What percentage of each? It sounds like this book barn could use some organization in general, and sorting by language might be a good first step. Then you can scan the English and French as lower hanging fruit, and maybe recruit extra help to deal with the Hebrew and Arabic manually, or something?

Sell 5 random surprise books for $15 (ex shipping). Include a box to send back any books they don't want (or any other book). Process returned books (take pictures, put barcode, register title+author). For the next order give $3 discount for every book they sent back previously.

It can definitely be done but I don't know the details.
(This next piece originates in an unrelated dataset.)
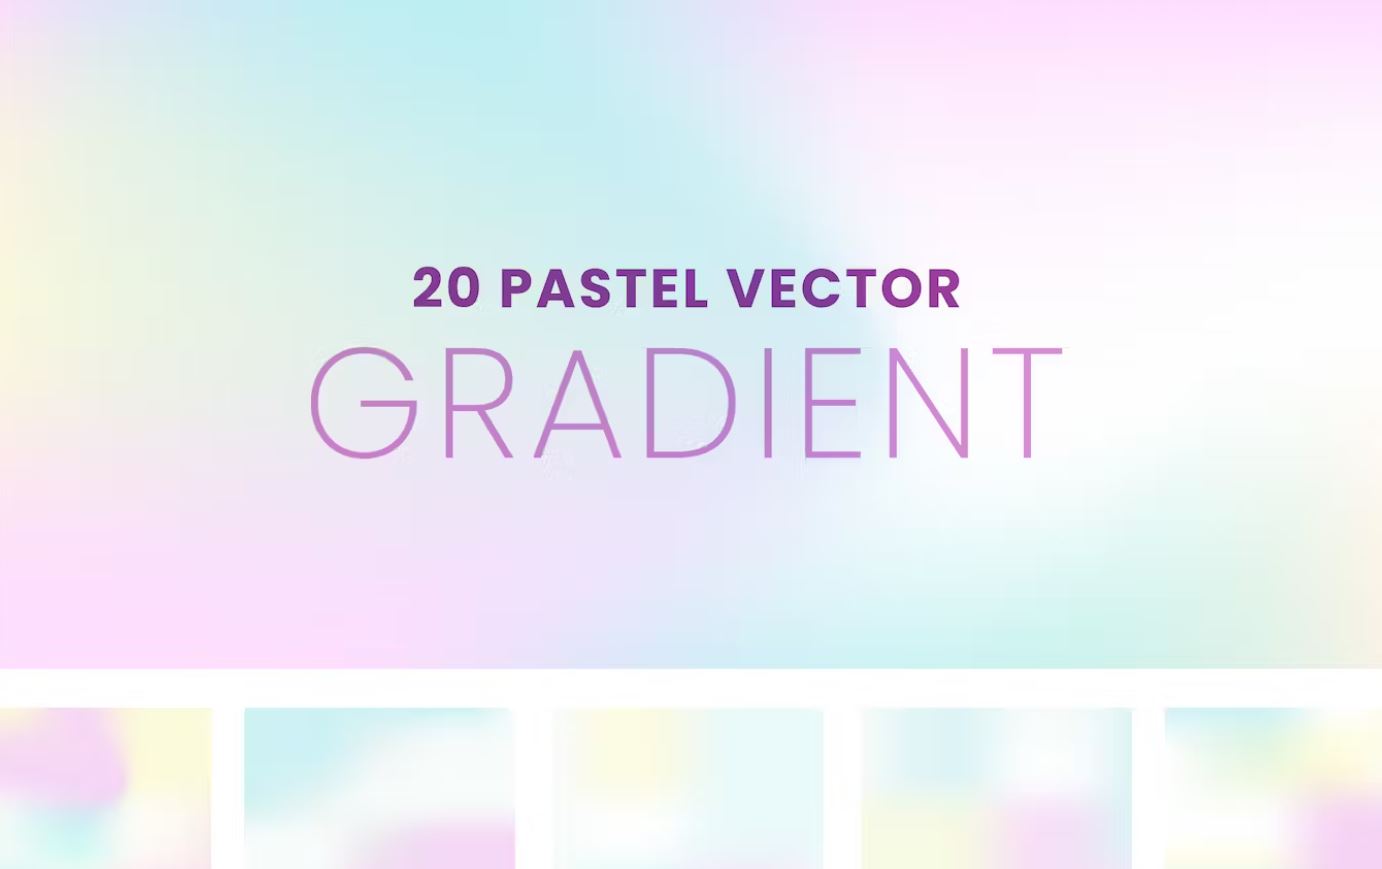 20 Unique Pastel Gradients and Vectors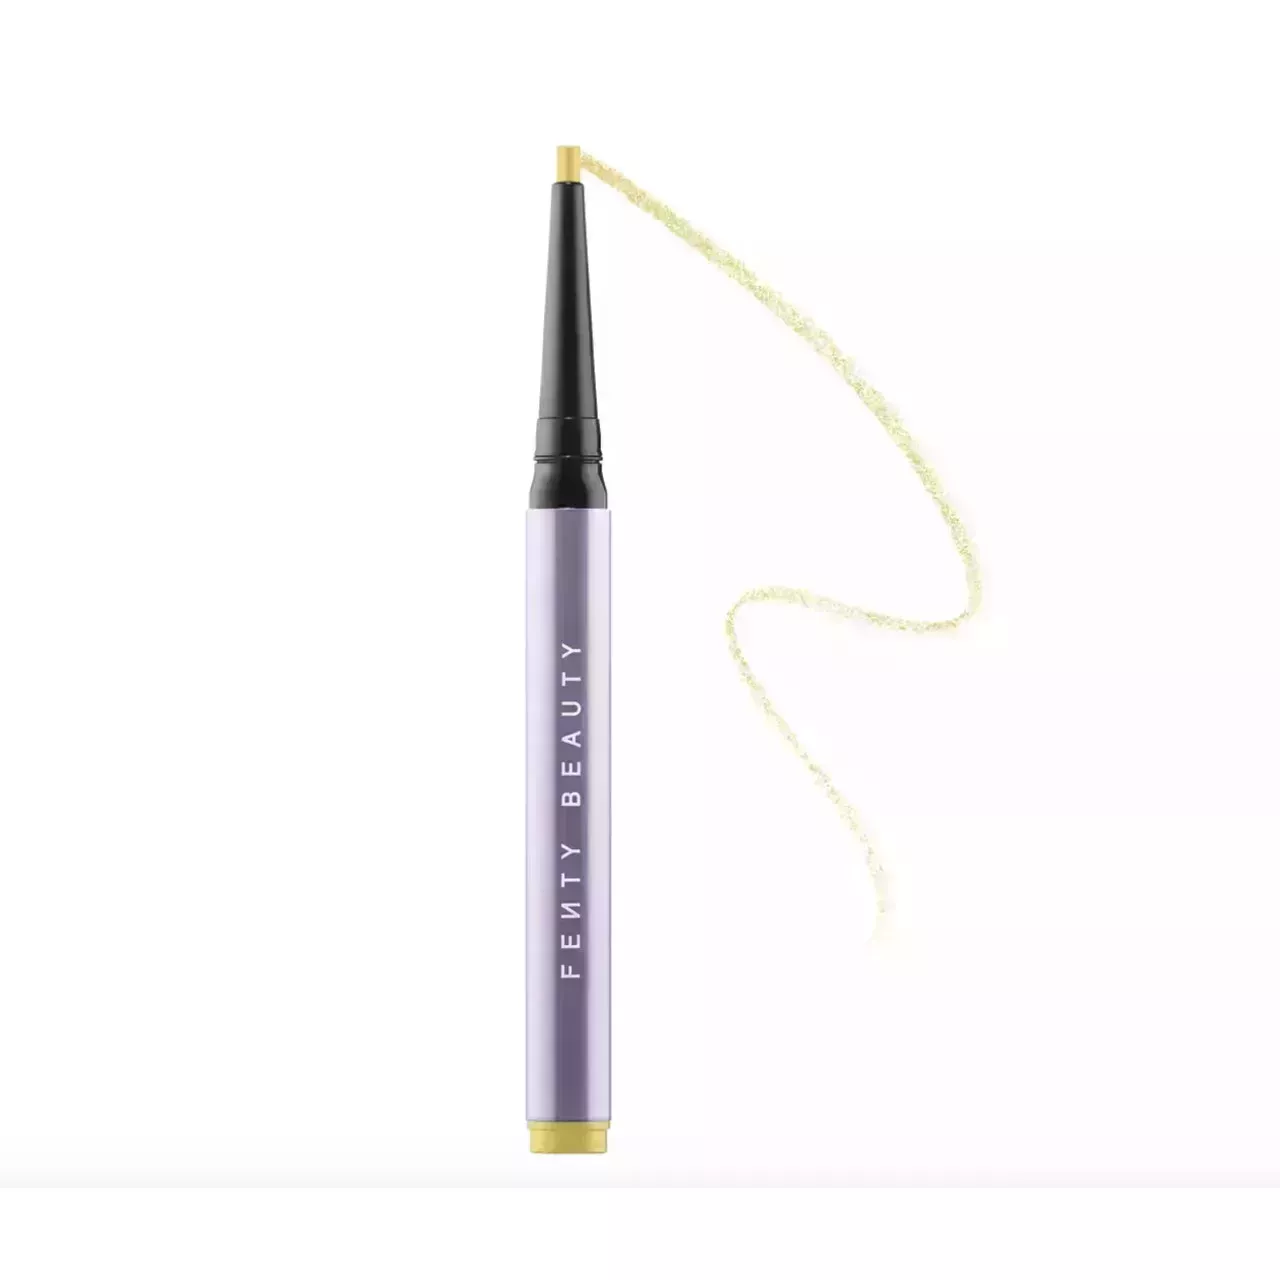 Fenty Beauty Flypencil Longwear Pencil Eyeliner on white background

A couple times a year the local Half Price Books Outlet does a "fill a bag for $20" event and every time there are at least a couple people there with shopping carts full of bags of books.

They have dedicated bar code scanners attached to their phones and will scan books at around 1 a second. I don't know what software they are using but clearly they are looking up prices to see what they can get to sell for a profit.

I use goodreads to keep track of my own book collection and using the camera and the goodreads app usually takes 30 seconds plus to focus on the bar code and then to look it up. So whatever they are using is much faster than that.

Yep, I've seen the exact same thing at my local used bookstore on normal business days. Someone with an ISBN scanner methodically scanning every book and buying whatever the app told him.

I work with scanning documents for business purposes. I went to sales meeting with a company called Biels, which has now been bought and is called Instream.

While at this meeting they were displaying a book scanner that you could place in the machine, it would flip each page then take a high resolution photo, and had options for OCR software wihich would read the entire page and present any questionable words or characters the OCR could not identify. This machine and software was pitched to Museums and large libraries. I would highly suggest asking a local Museum or Library if they have any hardware that would be able to archive the books your describing.

I tried searching for the exact machine but I could not locate it, I want to say Canon was the vendor.

I wish success with your en devour.

I am also grading books in my kids library. They don't have a librarian and they have a stack of 1,000 books that have been donated.

I am grading them by reading level A-Z. Currently I am googling the book and then adding "reading level" to the end and then if it has it, it will show up, or I can find the Lexile number and use that as a grade also. I am using the speech to text command in google, so it doesn't take that much time.

This is a hassle and am looking into other ways to speed up this process. And or get other parents to volunteer if it was an easier process.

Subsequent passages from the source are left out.